Talbot Avenue Bridge, August 2016.

Built in 1918 by the B&O Railroad, the bridge carries automobile, pedestrian, and bicycle traffic over the railroad now owned and operated by CSX. The bridge connects the historically African-American Lyttonsville community with early twentieth century residential subdivisions established on the periphery of unincorporated Silver Spring. Lyttonsville was founded in the 1850s by a freed slave named Samuel Lytton and it became one of several dozen African American hamlets scattered throughout Montgomery County. Silver Spring and its residential subdivisions were a sundown suburb: racialized space where African Americans were unable to live because of racially restrictive deed covenants and where public space and private businesses were governed by strict Jim Crow segregation.

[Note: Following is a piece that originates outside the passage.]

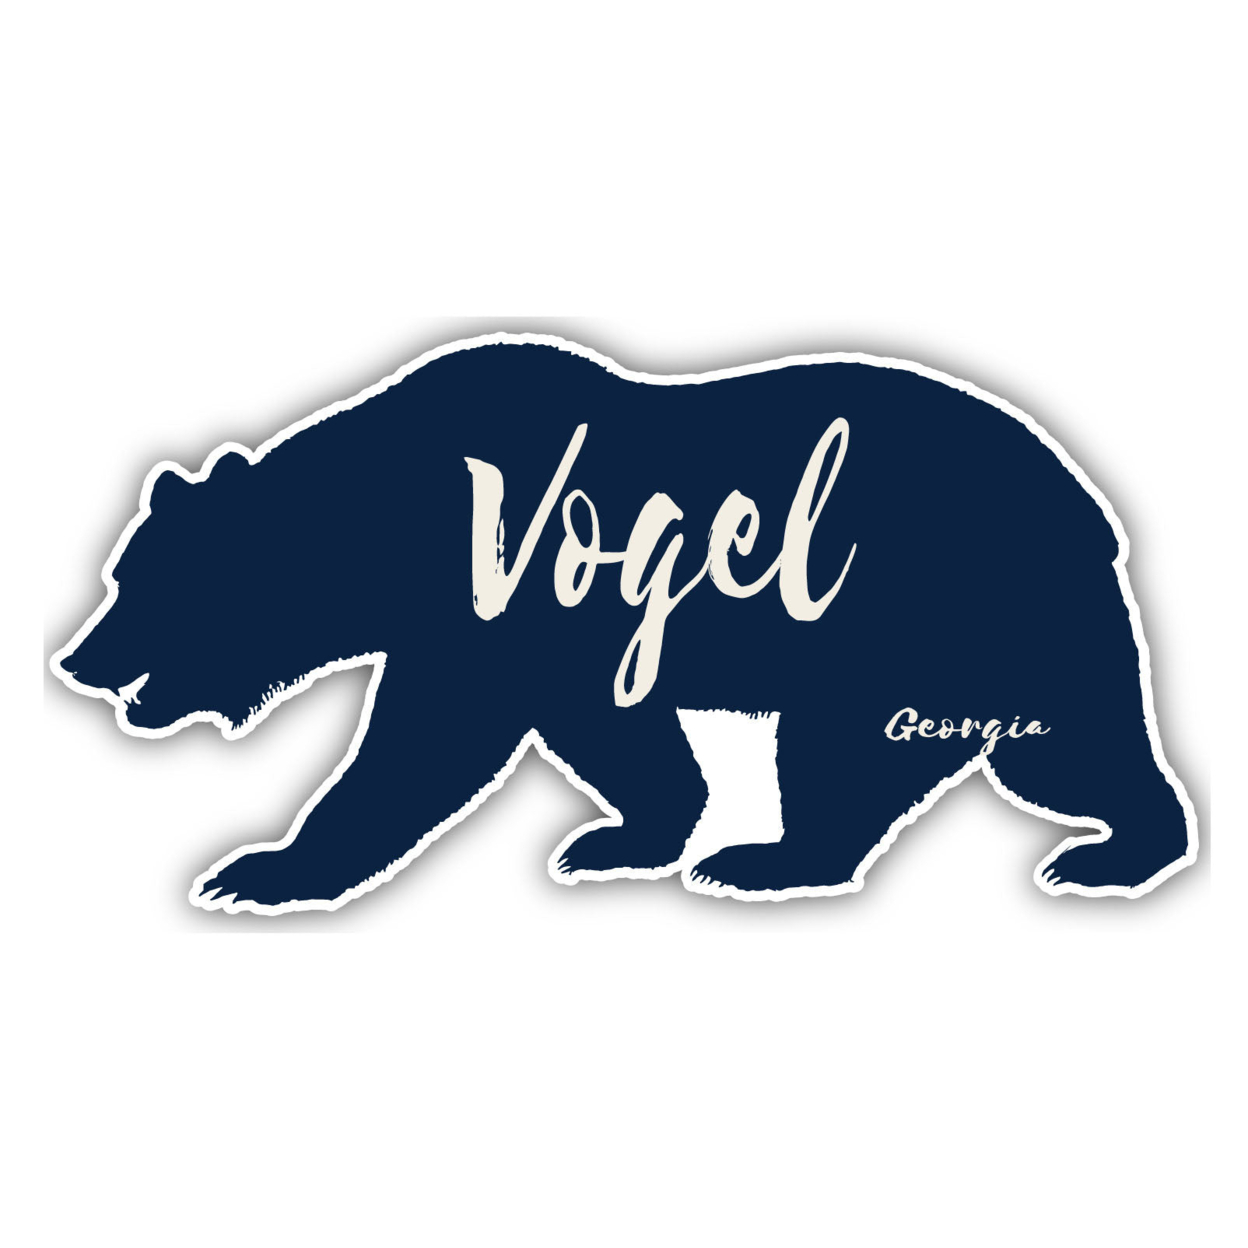 Vogel Georgia Souvenir Decorative Stickers (Choose Theme And Size) - Single Unit, 4-Inch, Bear

The Talbot Avenue Bridge may be the last surviving historically significant structure in the Lyttonsville community. This post explores the various historic preservation efforts undertaken to document the bridge and the community’s perspectives on the bridge and its history. The reasons why the Talbot Avenue Bridge isn’t better understood and isn’t protected from demolition like other officially designated Montgomery County buildings and structures may be a policy gray area but they are clearly visible in black and white terms.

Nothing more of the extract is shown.